(Continued from previous post)
The Studio’s Gendered Working Practices
Restating Gender Stereotypes
In retrospect I can see clearly how the majority of practices at the studio upheld the dominant cultural gender norms. At the time, I was shooting people a certain way because it ‘worked’, but only after I left did I get some sense of perspective on why it ‘worked’.
An example of this is what we called the Harmony shoot, a session designed for couples. A typical Harmony would involve a number of poses designed to show the romantic closeness between the couple: they would hug, lie side by side, sit lying against each other and so on. But these poses had a number of underlying principles of organisation: the man would stand behind the woman with his arms round her, never the other way round. The woman would usually stand a little forward of the man, making her the focus of the image. If only one person had eye contact with the camera, it would be the woman. If anyone was lying down rather than sitting, it would be the woman.
Many of these poses would rely upon the couple conforming to certain gender stereotypes: the woman being more feminine than the man, and the woman being the more flamboyantly dressed and therefore happy to be the centre of attention. But most importantly, the woman must be smaller than the man. Size relations were so important that if they were reversed, we simply didn’t have a repertoire of poses available. One memorable Harmony of mine was a couple in which the woman was significantly taller and broader than her male partner. I struggled to find any poses that didn’t appear somehow mocking – him hugging her from behind looked ‘wrong’ and comedic, but not as wrong as her hugging him from behind. I eventually settled on a number of seated close-ups and was relieved when the shoot ended.
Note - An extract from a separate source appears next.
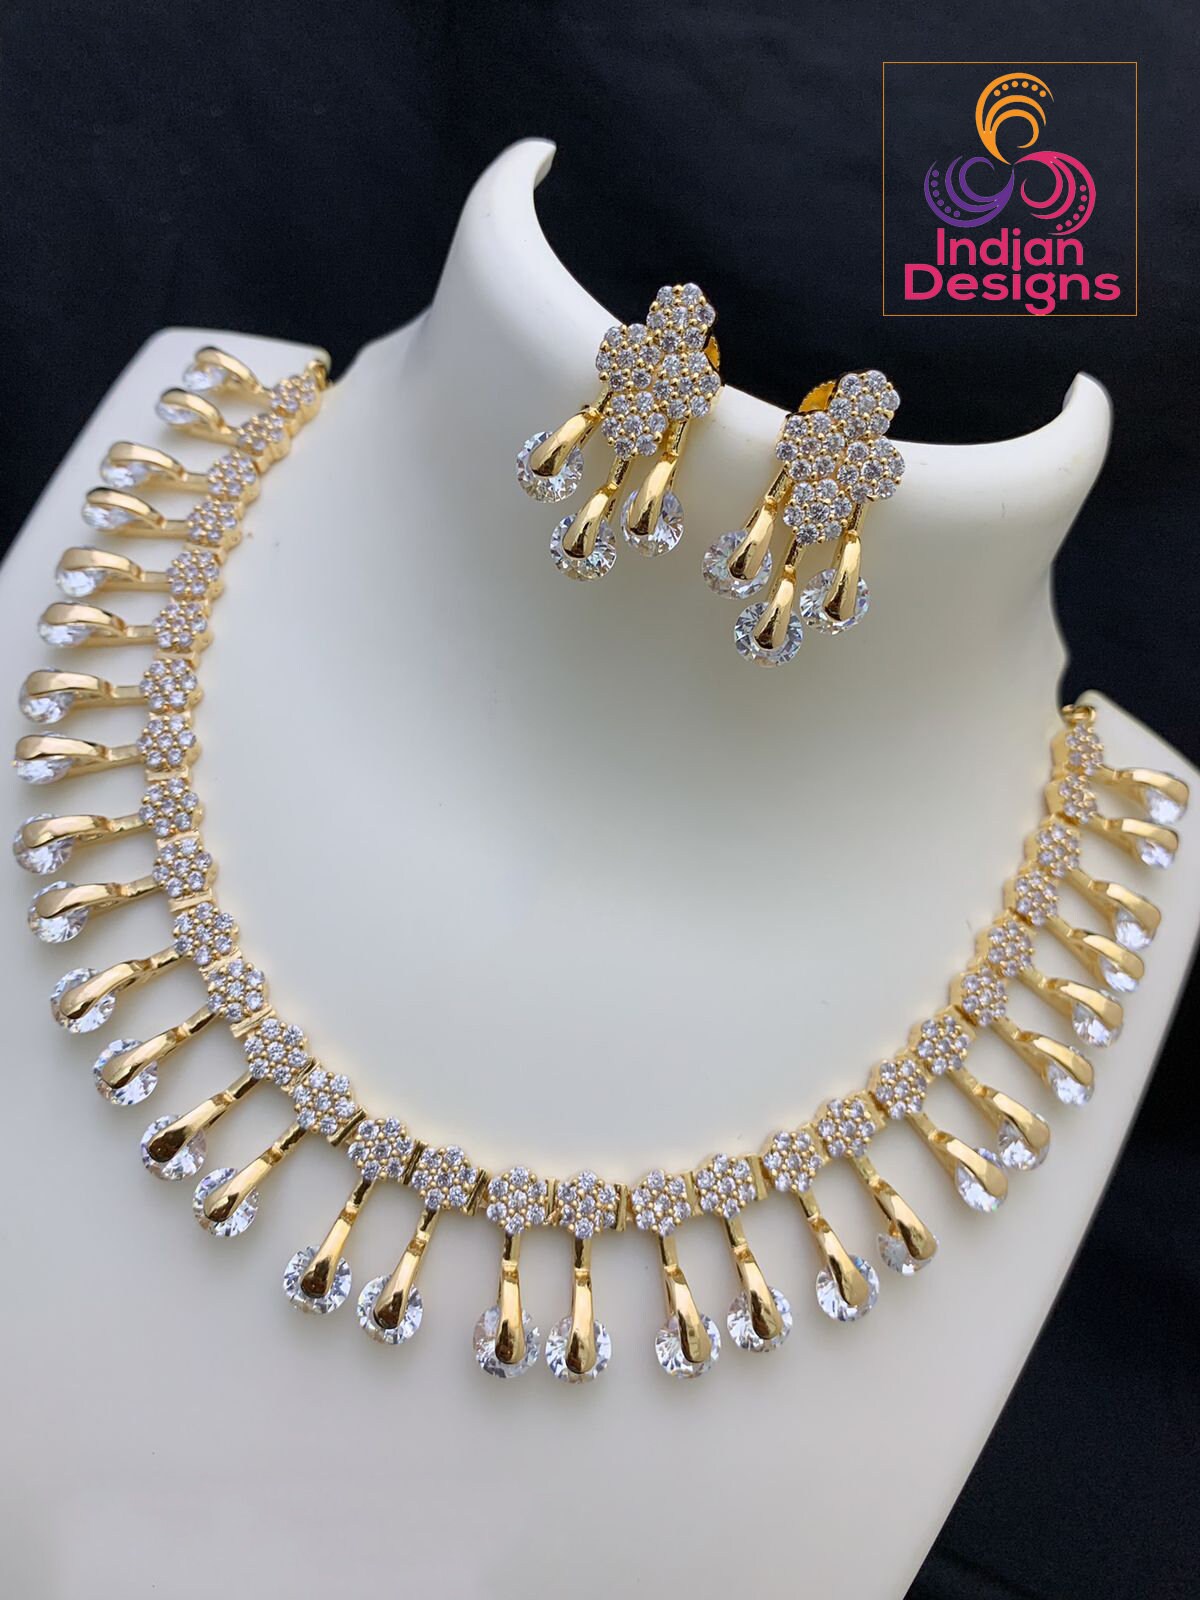 Unique and Exclusive CZ American Diamond necklace Earring set | Gold-plated American diamond necklace set with earrings |

The principles that made a photograph “work” depicted gender relations and characteristics as natural and effortless. Anything that looked forced or that made the stereotype look wrong, such as the woman taller than her partner, was problematic and required bringing into line, or disguising.
Posing Women
After reading Erving Goffman’s Gender Advertisements, I saw that the majority of the poses and assumptions I was working with at the studio could be directly linked to similar manifestations in advertisements. Goffman describes the slightly bent knee, the canted head, and the expressions of distraction or ‘flooding out’ in happiness or excitement – all common in the field of portrait photography. His description of women’s hands in adverts rang particularly true to me – hands that are relaxed and barely touching the face, the body or another hand are common in adverts and portraits alike (Goffman 1979). They do not grasp or point, and are definitely not for leaning on, but provide a frame for the face, or continue the graceful arc of the arm.
The studio handbook for new photographers reproduced images which were considered examples of good practice. Categories of poses would be grouped together – poses which make the woman look vulnerable and unthreatening were labelled ‘pretty’, with their edgier counterparts (the strong stance, the confrontational gaze) being ‘street’ or ‘sexy’. Common crops would be either very close, suggestive of intimacy, or quite distant, with space off to the side for the client to gaze into.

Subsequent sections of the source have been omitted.